Calcite’s cost model needs tuning. A wrong row-count estimate and you’re scanning 86M rows instead of 86k.
Calcite’s optimizer can produce trees the JDBC unparser can’t handle if rule selection is loose.
Existing deployments depend on Mondrian’s dialect-specific quirks we don’t know about.

The plan: four worktrees, merged atomically at the end.

Foundations — wire Calcite in behind a kill switch. Default path stays legacy; -Dmondrian.backend=calcite routes through the new code. Establish a cell-set-parity harness.
Natives — migrate RolapNativeCrossJoin, RolapNativeFilter, RolapNativeTopCount, and DescendantsConstraint to emit Calcite plans. These are the “native” tuple-read paths Mondrian uses to avoid materializing large sets in Java.
Aggregates + calcs — register pre-aggregated tables (declared in schema as <MeasureGroup type=’aggregate’>) and let Calcite cost-select them. Push arithmetic calc members down into SQL where possible.
Cleanup — delete legacy SQL builder, delete 30 dialect classes.

This post covers worktrees 1-3. Cleanup is the final atomic merge.

The harness: 45 MDX queries, golden cell-sets, byte-level drift detection

Before rewriting anything, I built an equivalence harness.
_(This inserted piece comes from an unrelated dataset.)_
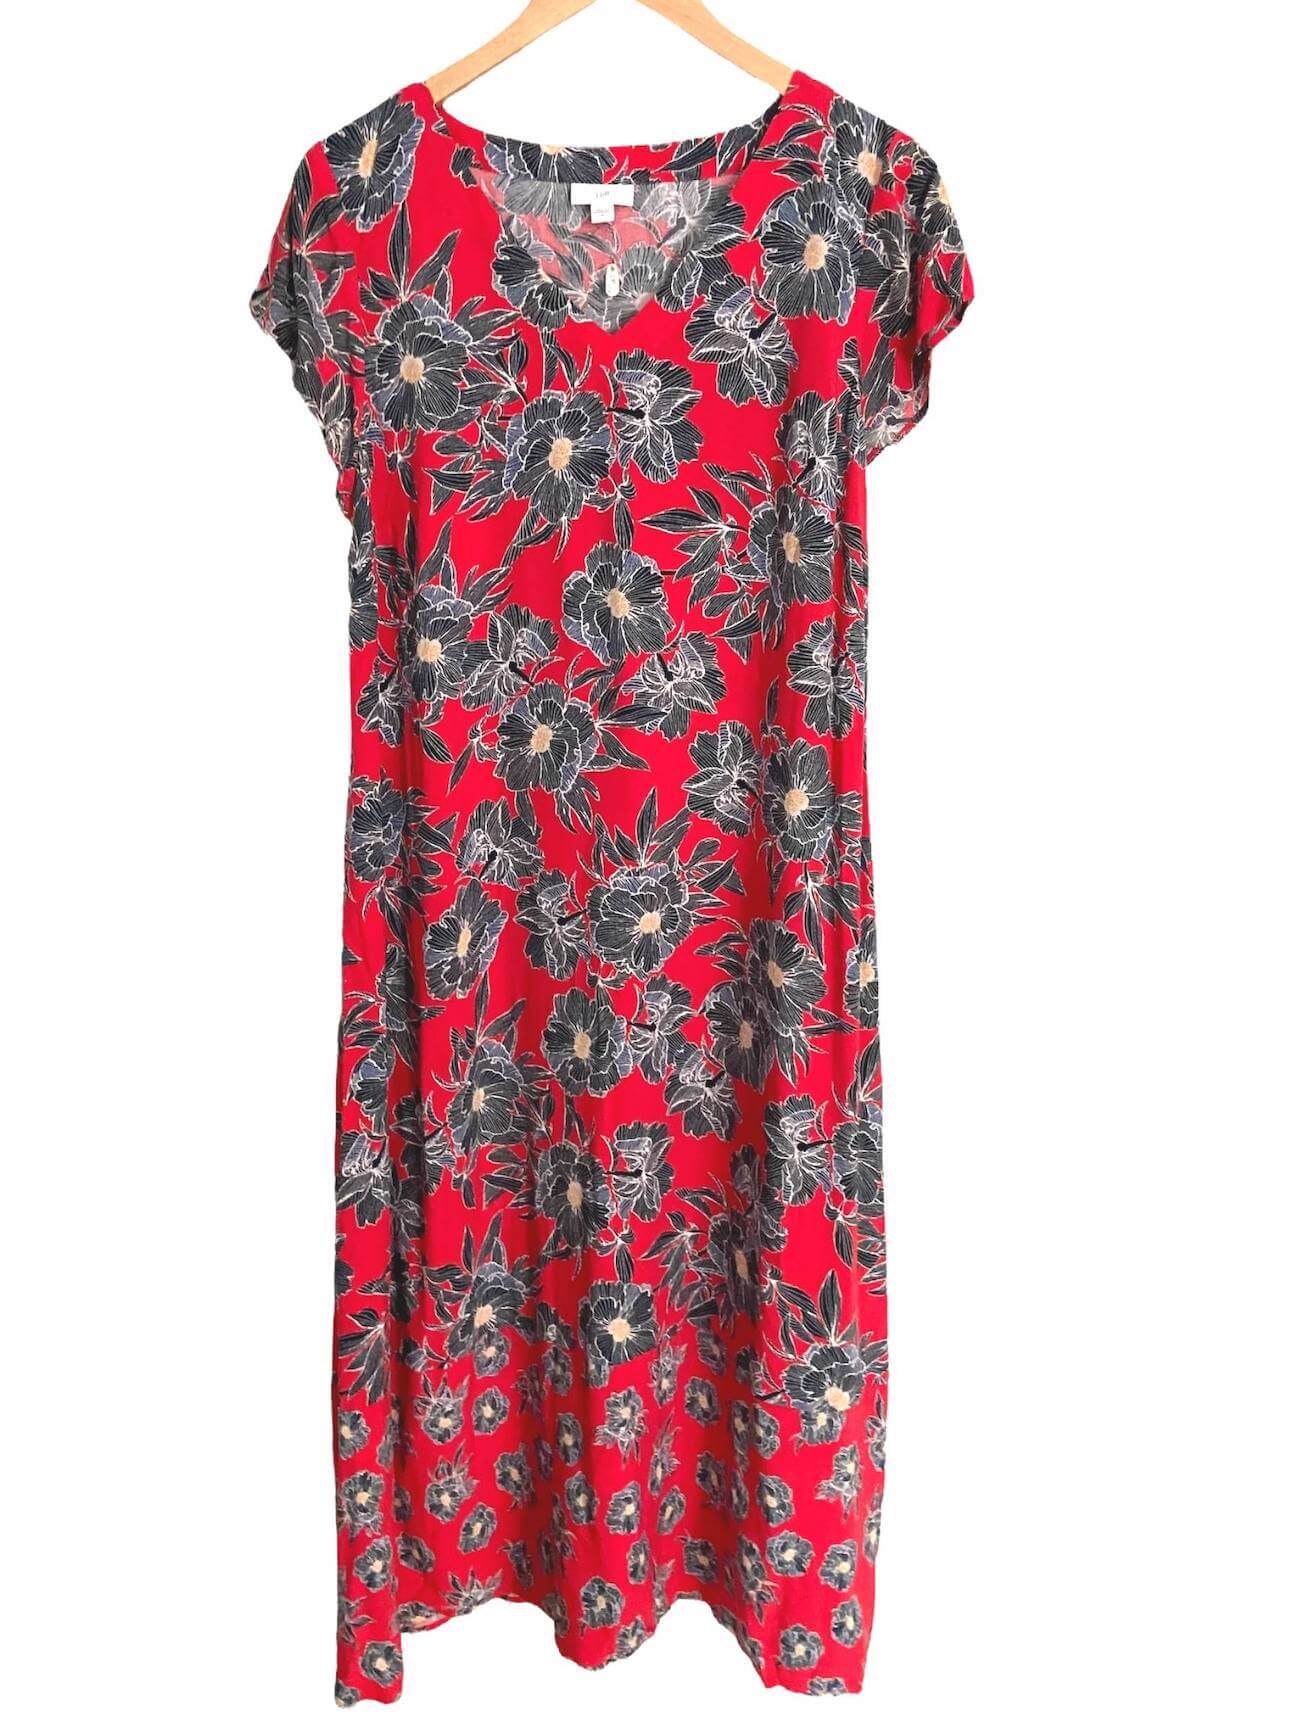 Cool Winter Red Floral Dress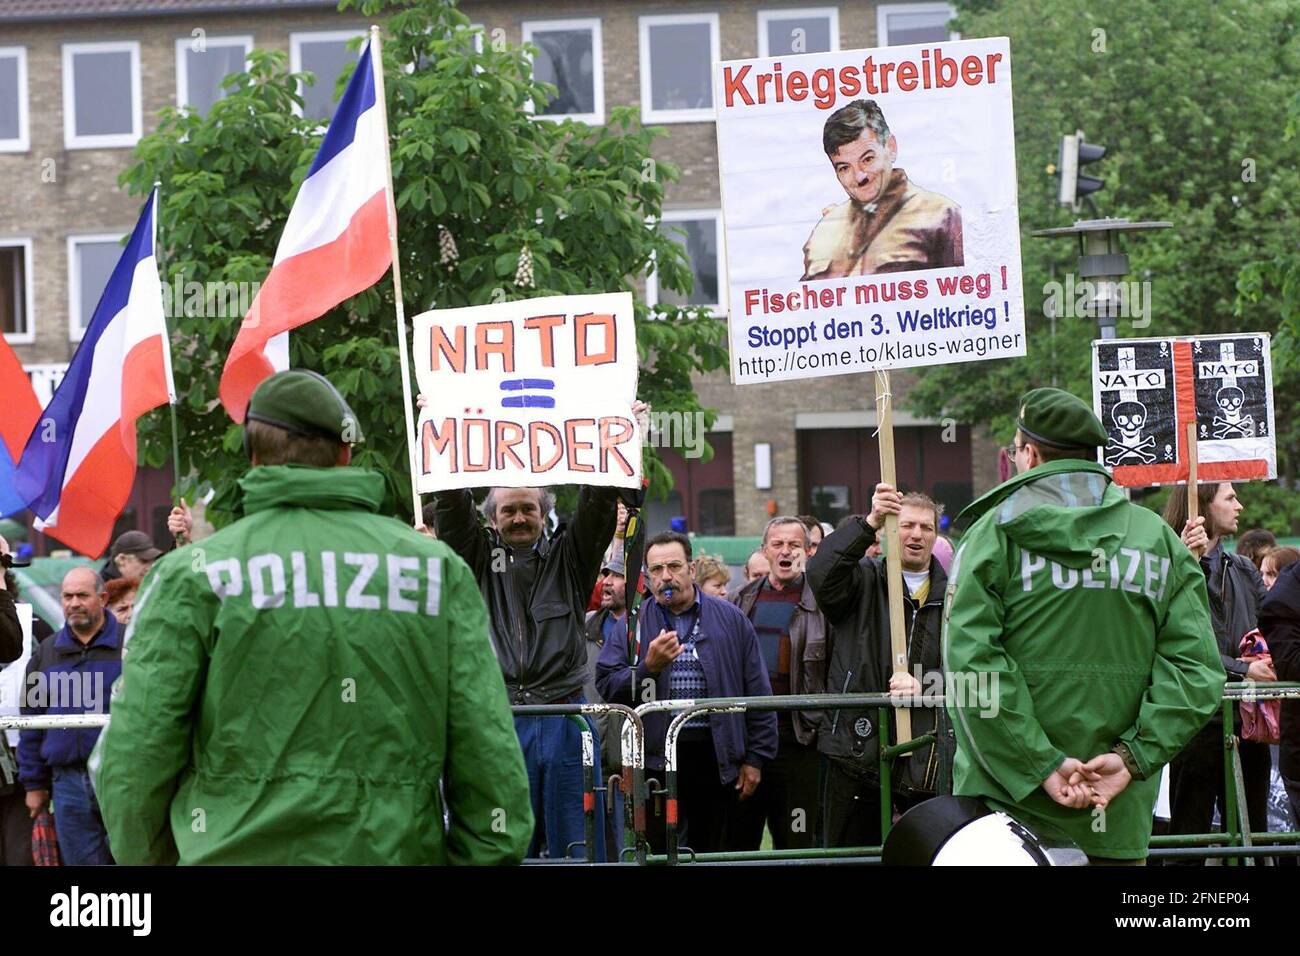 (13.05.1999) Bielefeld, Serbs demonstrate against the Nato air attacks and against Foreign Minister Joschka Fischer before the special party conference of Bündnis 90/Die Grünen in Bielefeld. The Greens discuss the Nato intervention at their party conference in the Seidenstickerhalle. [automated translation] Stock Photo

For each of 45 MDX queries:

capture legacy cell-set + sequence of emitted SQL → golden/

run under Calcite backend → assert cell-set matches golden

Three failure classes:

LEGACY_DRIFT — cell values differ from golden. Hard gate. The whole point.
SQL_DRIFT — cell values match but emitted SQL differs. Advisory. Expected: Calcite writes ANSI INNER JOIN, legacy writes comma-separated FROM + join conditions in WHERE. Postgres plans both identically.
PLAN_DRIFT — Calcite’s RelNode differs from a frozen snapshot. Advisory. Review signal for refactors.

The harness stored row-level SHA-256 checksums per JDBC execution. This caught a bug later that no cell-value comparison would have: identical values returned in different row order also fail checksum. We’ll come back to that.

First-cut benchmarks: Calcite was 27% slower. Wait, what?

After worktree 1 landed, I ran the 2×2 matrix:

|                     | HSQLDB (87k rows)     | Postgres (86.8M rows) |
|---------------------|----------------------:|----------------------:|
| Legacy Mondrian SQL | 1.13s / query geomean | 7.91s / query geomean |
| Calcite SQL         | 0.24s / query geomean | 9.44s / query geomean |

Calcite was 27% slower on Postgres. At 1000× scale. With all 44 cell-set assertions passing.

The MvHit queries (small agg-table scans) were the worst — 2.24× slower than legacy. That’s a 2.6k-row agg table taking 5 seconds. Something was eating a second and a half of wall time before any SQL even hit the wire.

Y.2: one cache key

I instrumented every phase of the Calcite path. Cold iteration on an MvHit query:

plan.total            675 ms

  relBuilderCreate    478 ms    ← here

  build                34 ms

  unparse               6 ms

RelBuilder.create doesn’t take 478 ms. What’s happening is that the CalciteMondrianSchema adapter wraps JdbcSchema.create(rootSchema, name, ds, null, null), and Calcite’s JDBC adapter reflects the entire database’s metadata (every table, every column, every type) via DatabaseMetaData on first touch. On HSQLDB that’s in-process and instant. On Postgres, that’s a round-trip to pg_catalog for every table in the schema.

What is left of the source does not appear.